Container Runtime¶

36 cards — 🟢 7 easy | 🟡 10 medium | 🔴 8 hard

🟢 Easy (7)¶

1. What is containerd and how does it relate to Docker?

Show answer

containerd is a high-level container runtime that manages the complete container lifecycle (image pull, storage, execution, networking). Docker uses containerd as its underlying runtime. Kubernetes can use containerd directly via the CRI plugin, bypassing Docker entirely.

Remember: containerd = the industry-standard container runtime. Kubernetes uses it via CRI. Docker uses it under the hood. It manages the full container lifecycle.

2. How does Kubernetes communicate with containerd?

Show answer

Kubernetes uses the Container Runtime Interface (CRI), a gRPC API. containerd exposes a CRI plugin that listens on a Unix socket (default: /run/containerd/containerd.sock). The kubelet calls this socket to create, start, stop, and remove containers.

Remember: containerd = the industry-standard container runtime. Kubernetes uses it via CRI. Docker uses it under the hood. It manages the full container lifecycle.

3. What are Linux namespaces and which ones does a container typically use?

Show answer

Namespaces isolate what a process can see. A typical container uses: pid (process tree), net (network stack), mnt (filesystem mounts), uts (hostname), ipc (inter-process communication), user (UID/GID mapping), and cgroup (cgroup root view). Each namespace gives the container the illusion of its own isolated system.

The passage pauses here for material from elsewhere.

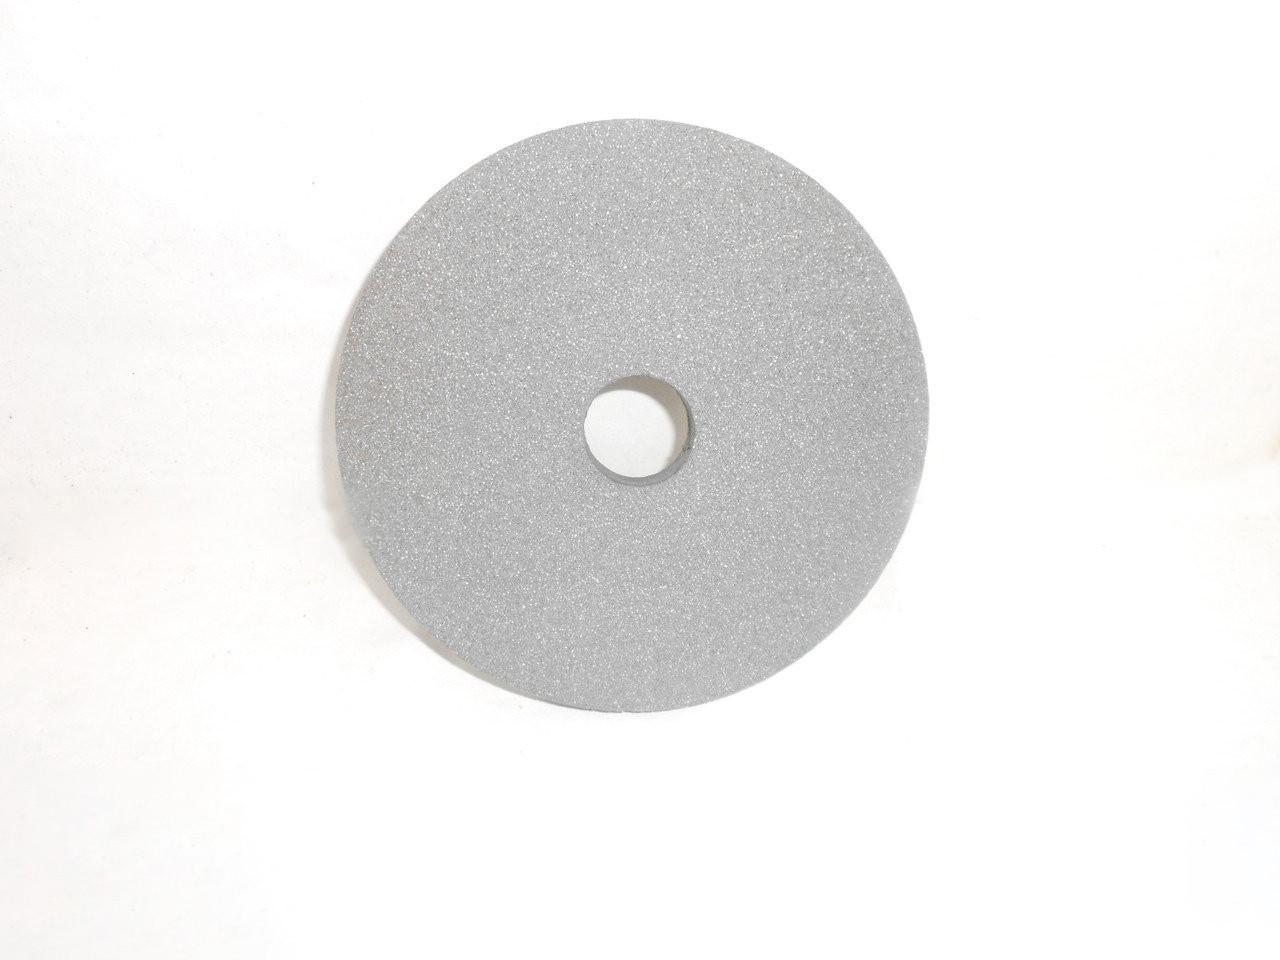 Круг шлифовальный 14А ПП 300х20х127  40 СМ

Remember: Linux namespaces provide isolation: PID (process), NET (network), MNT (filesystem), UTS (hostname), IPC (inter-process), USER (UID mapping). Mnemonic: 'Processes Need Mount points, UTSnames, IPC, and Users.'

4. What are cgroups and how do container runtimes use them?

Show answer

cgroups (control groups) limit and account for resource usage -- CPU, memory, I/O, PIDs. The runtime creates a cgroup for each container and sets limits (e.g., memory.max, cpu.max). When a container exceeds its memory limit, the kernel OOM-kills it. cgroups v2 is the modern unified hierarchy; v1 uses per-resource controllers.

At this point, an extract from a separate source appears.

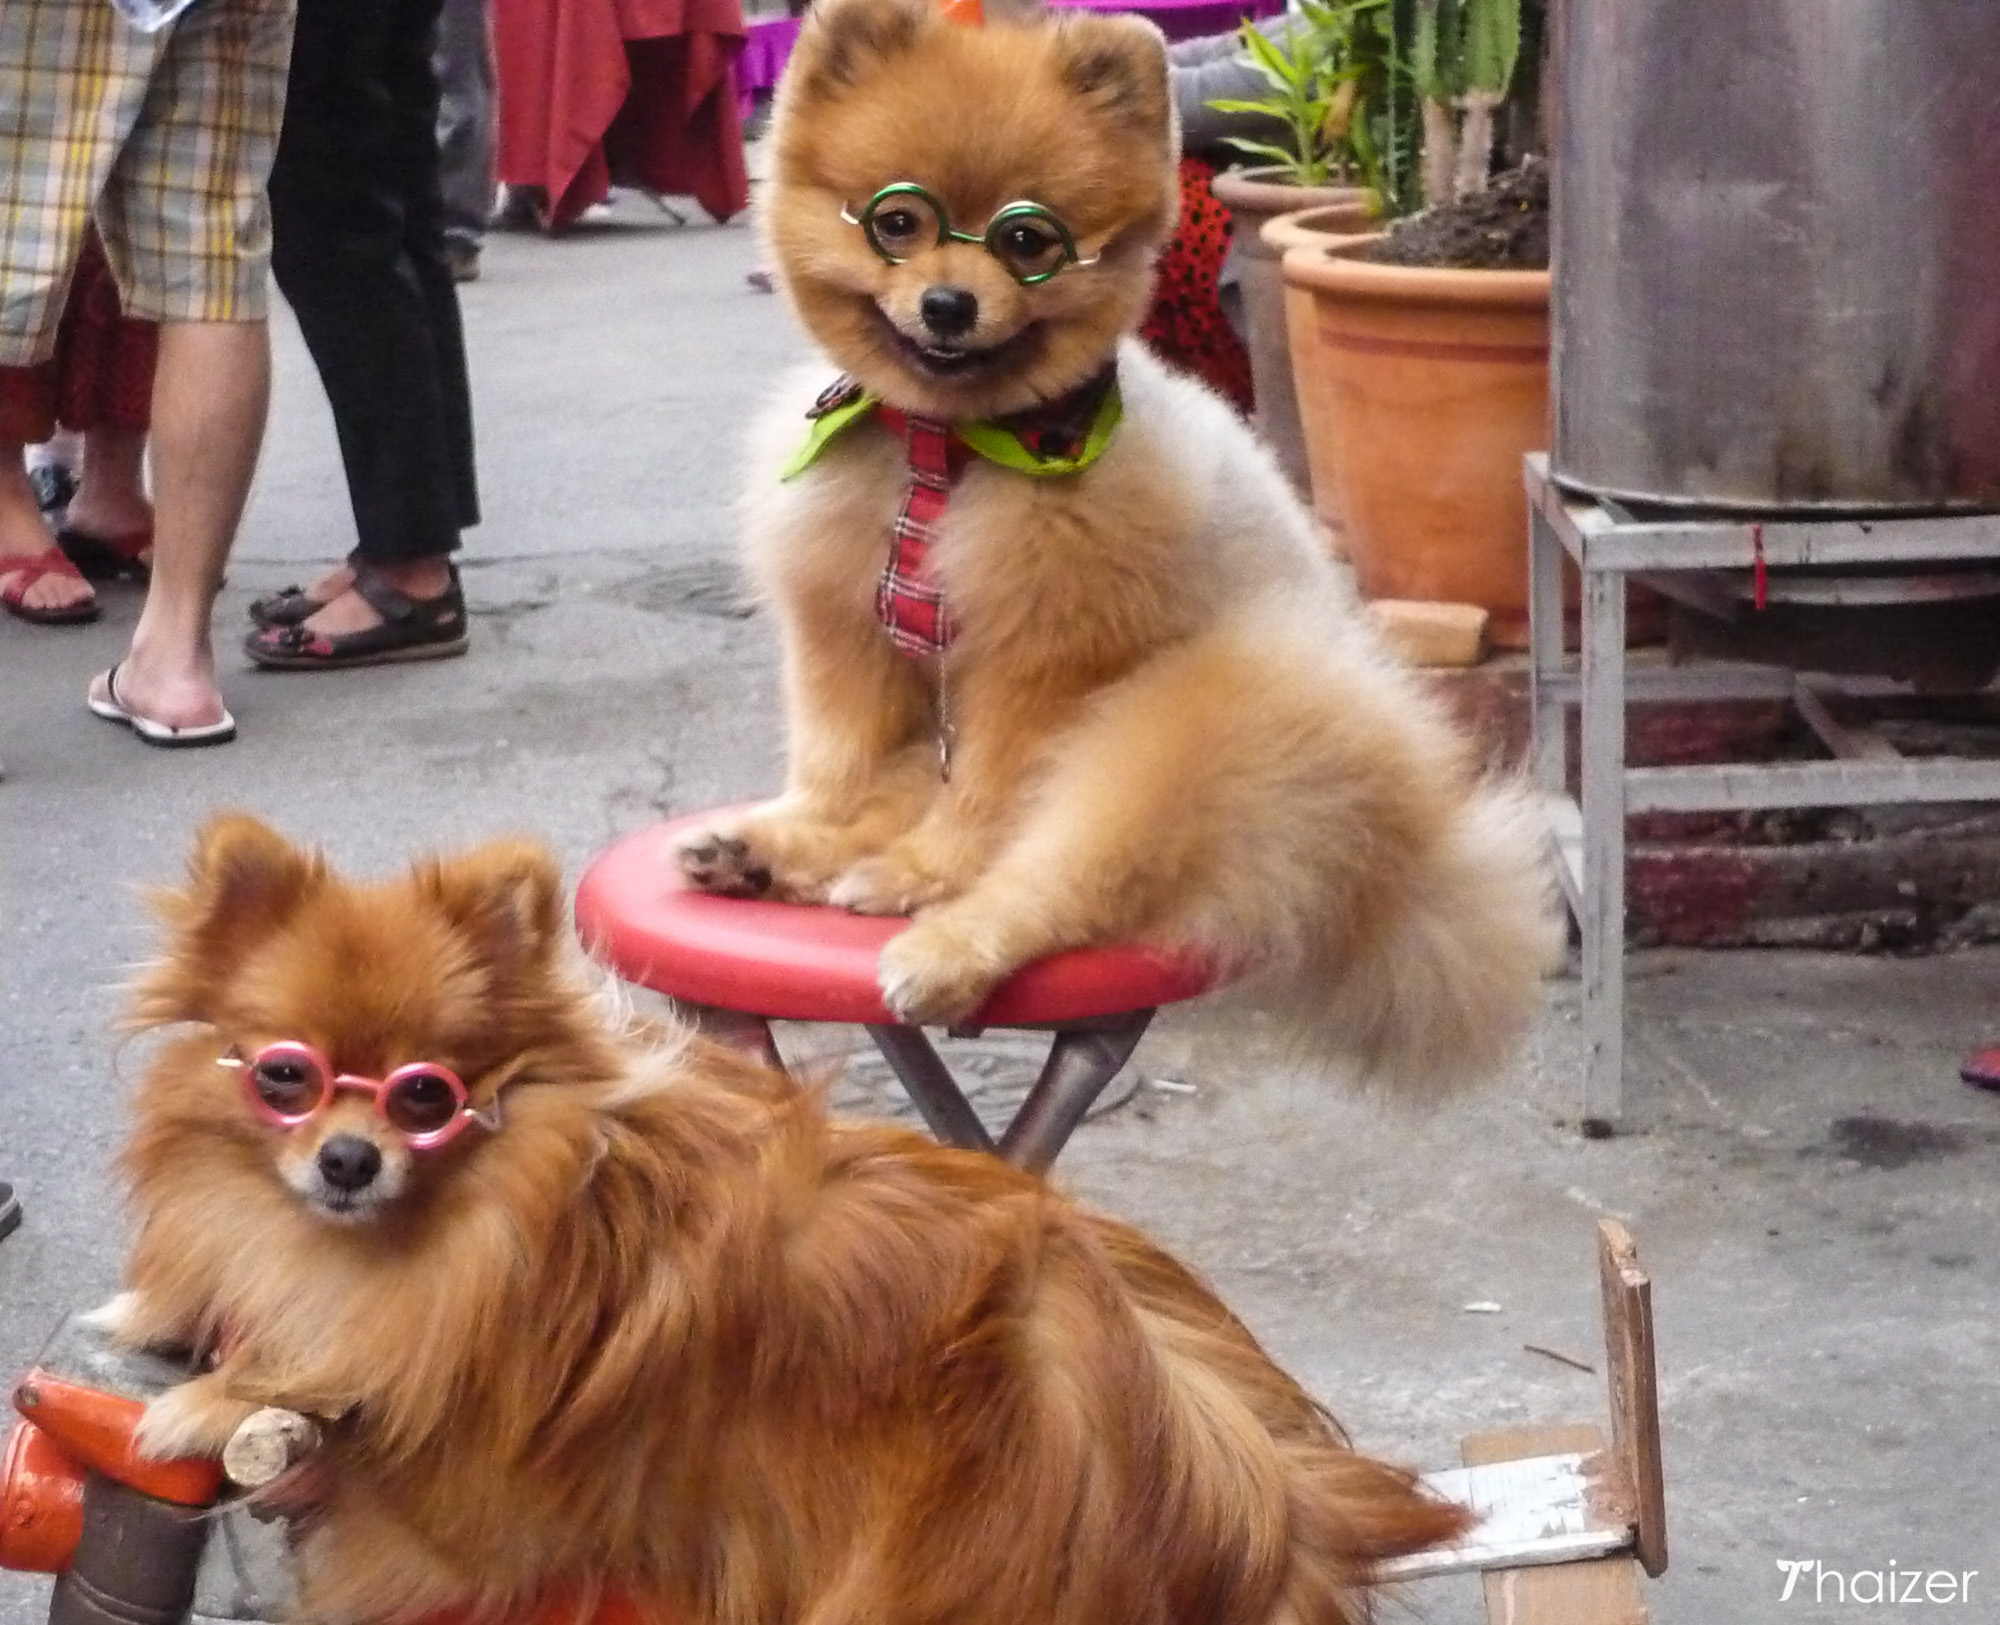 dogs in glasses

Remember: cgroups = resource limits. Control CPU, memory, disk I/O, and network bandwidth per container. OOM killer triggers when memory cgroup limit is exceeded.

5. What is the OCI specification and what does it define?

Show answer

The Open Container Initiative (OCI) defines three specs: 1) Image Spec -- format for container images (manifest, config, layers). 2) Runtime Spec -- how to run a container (config.json defines root filesystem, mounts, namespaces, cgroups, hooks). 3) Distribution Spec -- API for pushing/pulling images to/from registries. OCI ensures interoperability between runtimes and registries.

Remember: OCI = Open Container Initiative. Defines standards for container images (image-spec) and runtimes (runtime-spec). runc is the reference OCI runtime.

6. What is runc and what role does it play?

Show answer

runc is the reference low-level OCI container runtime. It takes an OCI bundle (config.json + rootfs) and creates a container by setting up namespaces, cgroups, mounts, and seccomp filters, then exec's the container process. containerd and CRI-O call runc (or compatible runtimes like crun, youki) to actually create containers.

Remember: runc = low-level OCI runtime that actually creates containers using Linux namespaces and cgroups. containerd calls runc to start containers.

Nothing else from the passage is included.